Сашка все больше распалялась, почти кричала, и Мишель умоляюще сложила руки, показывая глазами на дверь:
– Тише ты, мама, кажется, уснула…
– Ты знаешь, Мишка, мне тоже ее, в общем-то, жалко… – помолчав, уже спокойным шепотом заговорила Сашка. – Только я никогда не буду жить так, как она. У меня все будет: и деньги, и машина, и квартира своя, и куча шмоток всяческих! И зависеть от мужиков я не буду! И бояться ничего не буду!
– И это ты все стриптизом собралась заработать? Машину, квартиру, шмотки… Сашка, я надеюсь, ты это несерьезно лепечешь? Ты хоть понимаешь, что это такое? Через какие унижения надо пройти?
– Понимаю. Я все понимаю. И ко всему я готова. Самое главное, что мне это нравится, вот в чем дело! Нравится танцевать у шеста, нравится, что на меня смотрят, и наплевать, какими глазами, меня это не пробивает нисколько. Ты знаешь, у меня ведь уже репетиции идут, и когда я танцую, я сама улетаю, не думаю ни о чем! Ни как я выгляжу со стороны, ни что обо мне думают… У меня тело во время танца само по себе живет. Я посмотрела видео со своим танцем, ты знаешь, это что-то! Вот такой вот парадокс: мама улетает от Чехова, а я – от стриптиза…
– Ой, Сашка, не пугай меня, – ахнула Мишель. – Я даже слушать тебя боюсь, а маме вообще плохо стало.
– Да ладно тебе, плохо ей! Ей не из-за меня плохо, а за себя, любимую, страшно – что-то теперь будет… Дочка в стриптизерши подалась! Позор на материнскую голову!
– Не надо так, Саш… Ну я прошу тебя, не надо так про маму! Ты совсем, совсем ее не любишь!
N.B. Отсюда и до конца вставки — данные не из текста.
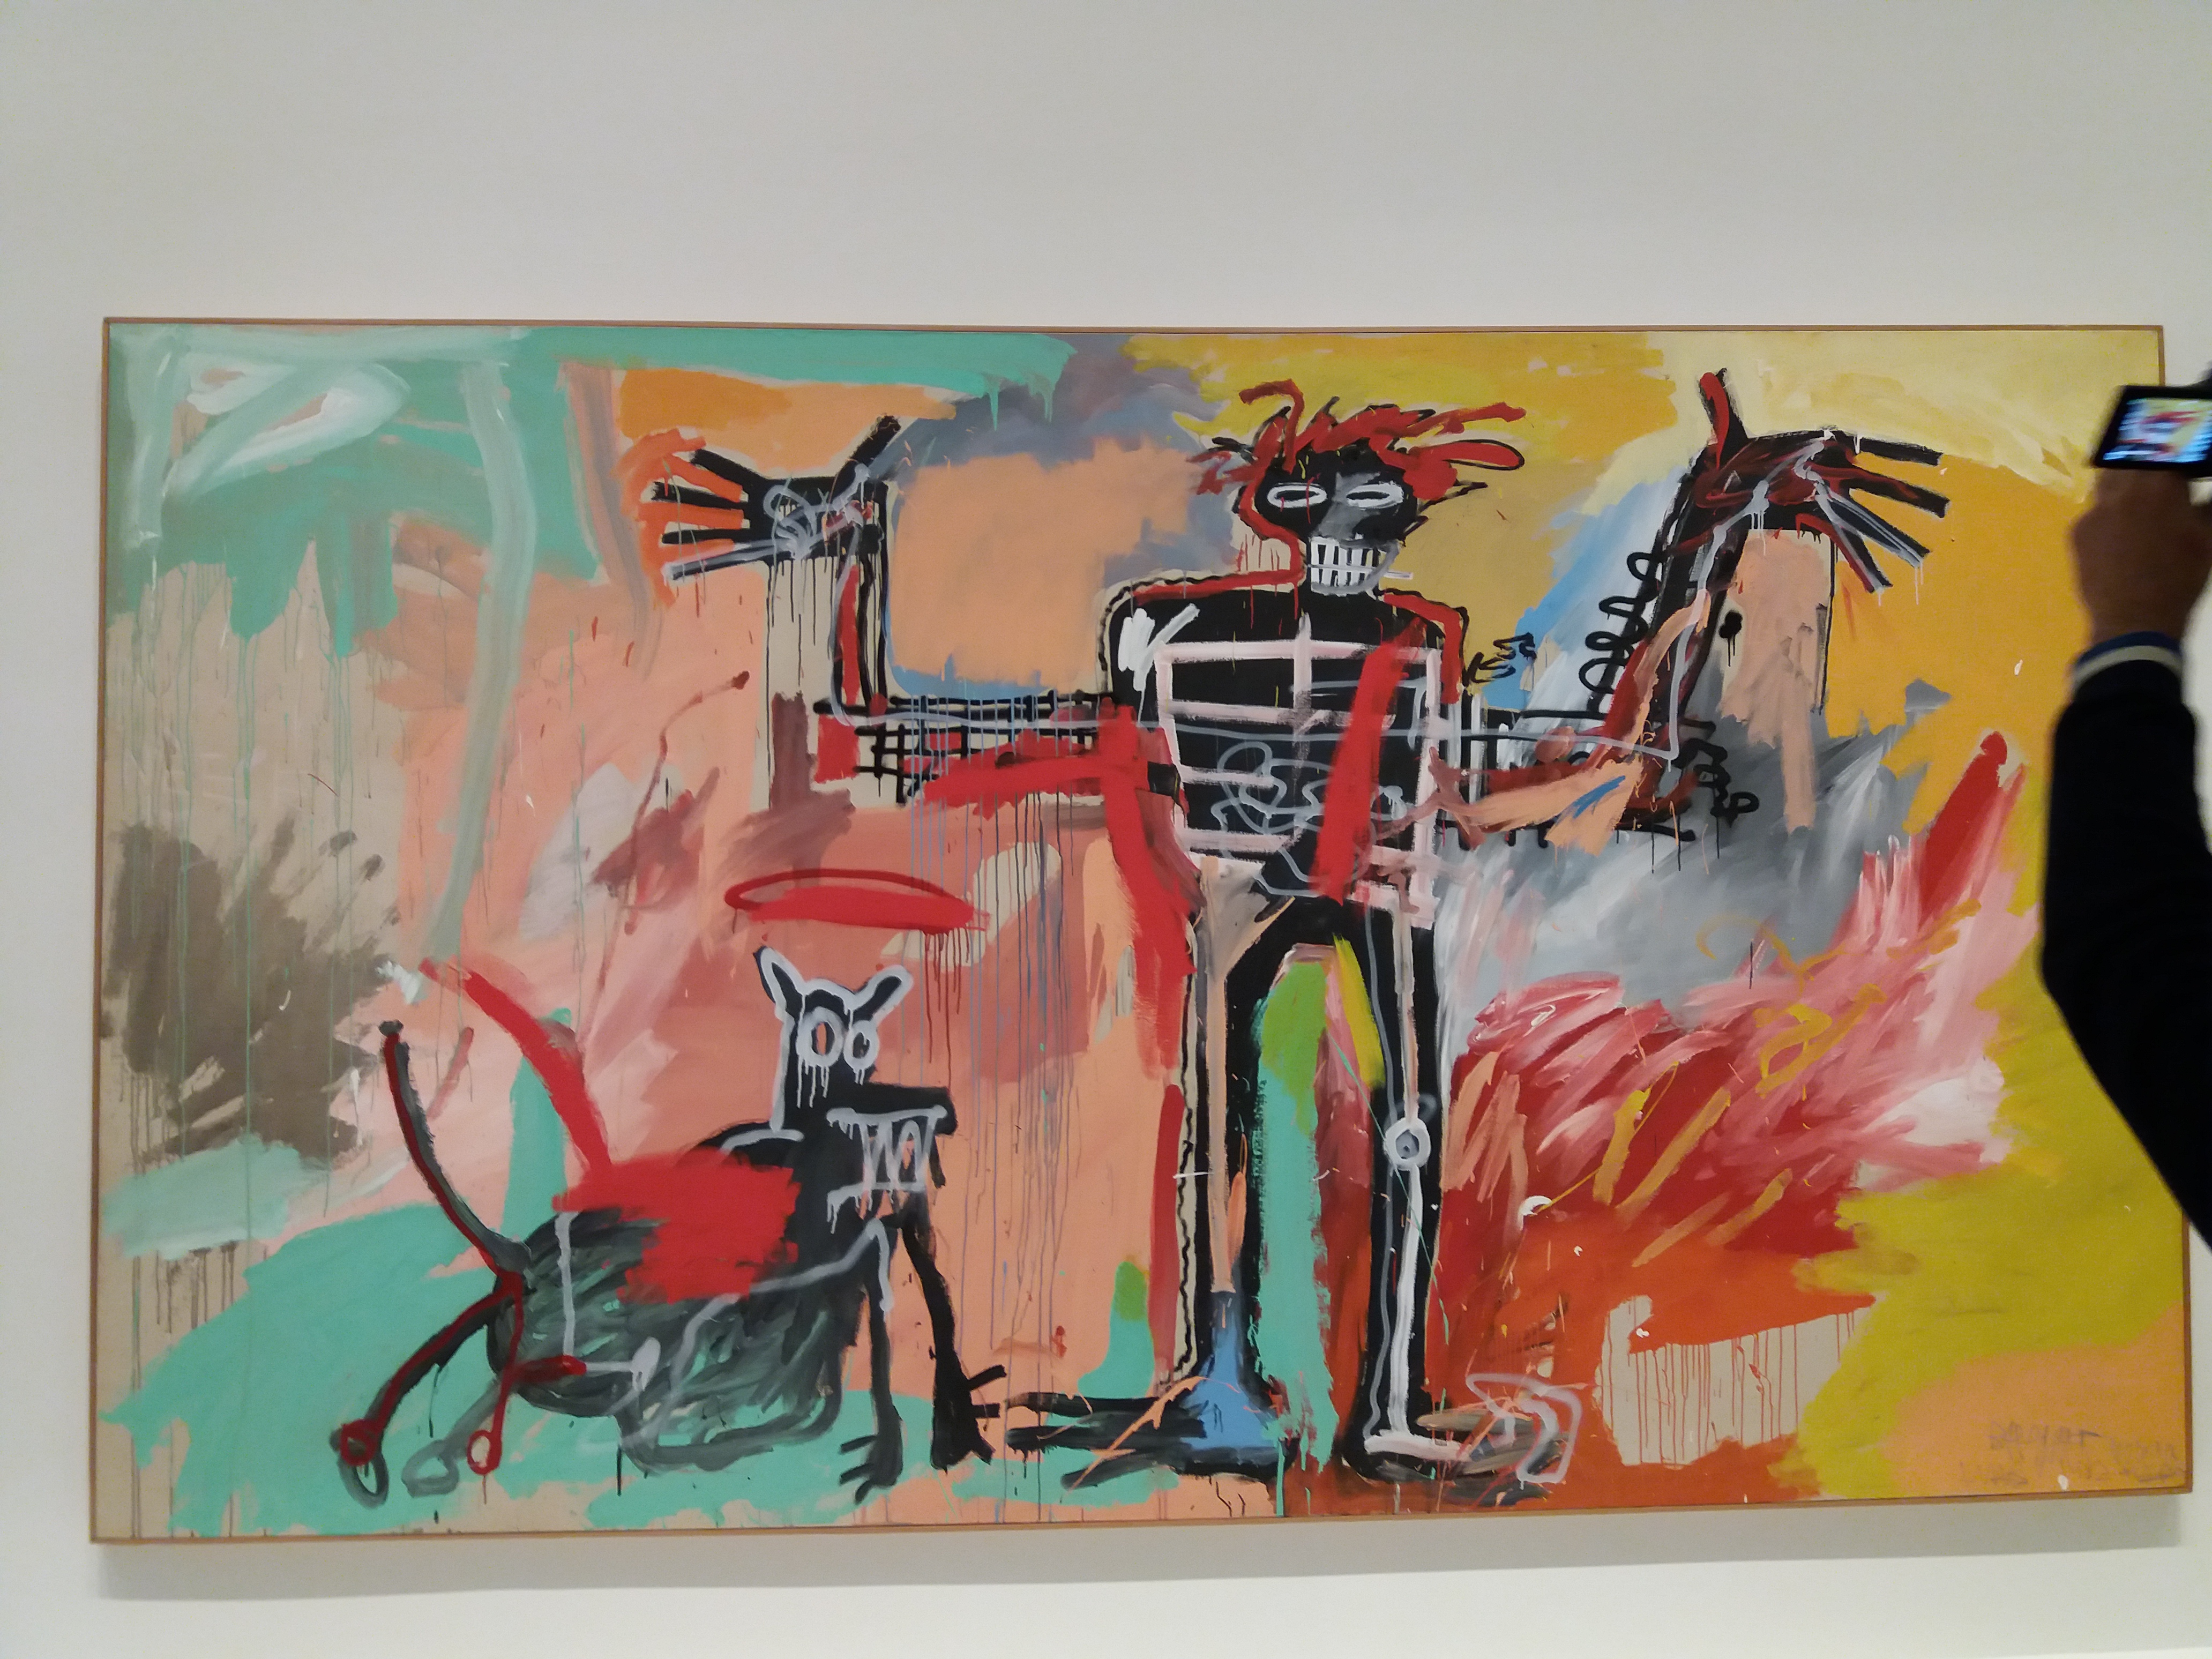 Visite à la fondation Vuitton expo Schiele /Basquiat | peintureacawb

– Да я-то, может, как раз больше ее люблю, чем ты. Потому что не боюсь. А ты все выслуживаешь любовь, боишься сказать не так, сделать не так: а вдруг твоя драгоценная мамочка на тебя обидится! Даже боишься сказать ей, что никакого красного диплома тебе не светит. Врешь и врешь уже пять лет почти… Как же, ведь мама должна тобой только гордиться, а по-другому просто ну никак нельзя! Придется тебе, Мишка, свой обыкновенный синенький дипломчик раскрашивать красным лаком для ногтей! Обращайся, у меня такой есть! А что? Для любимой мамочки мне ничего не жалко, даже лака… И вообще в мои дела больше не лезь! Я сама буду все за себя решать, поняла? Я уже и контракт подписала!
– Сашка, тебе ж восемнадцать всего! Ты глупая еще совсем, жизни не знаешь, какой может быть стриптиз! Тебе же в институт поступать надо!
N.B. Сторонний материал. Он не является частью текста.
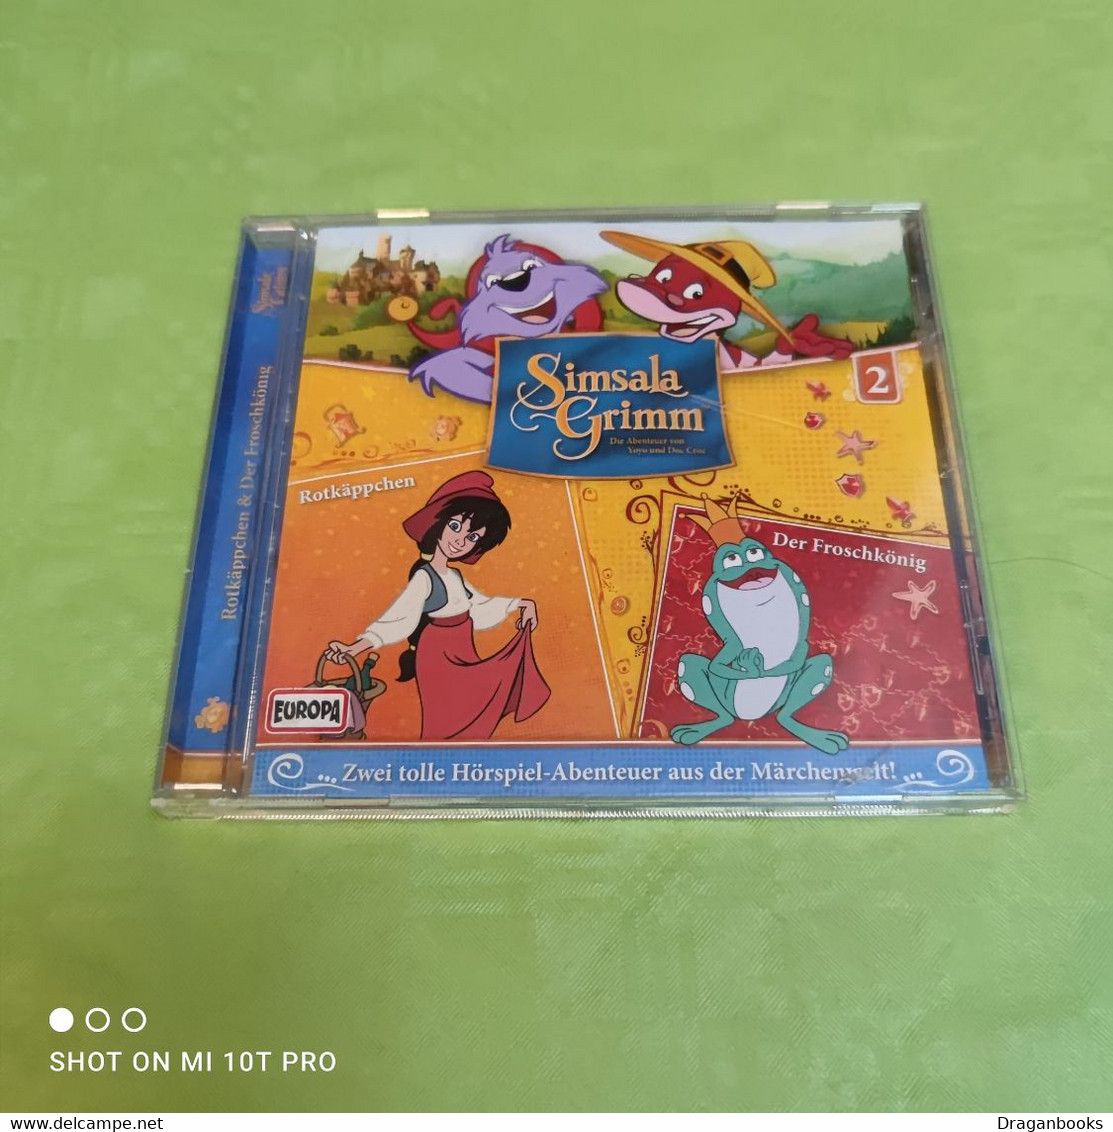 Simsala Grimm - Rotkäppchen / Der Froschkönig - CDs

– Ага, я должна повзрослеть, получить высшее образование, потом набраться жизненного опыта… Только пенсионерок, Мишенька, в стриптиз, к сожалению, не берут.
– Господи, какой сегодня тяжелый и длинный день… И Димке я так и не позвонила! А надо еще Машку покормить… Кстати, где она? Опять у Лизки сидит? Давай сегодня спать пораньше ляжем, утро вечера мудренее, а, Сашенька?
В обычных хлопотах прошел их вечер. Вместе они привели от соседей Машку, и покормили, и уложили спать, стараясь при этом не шуметь, чтоб не разбудить мать.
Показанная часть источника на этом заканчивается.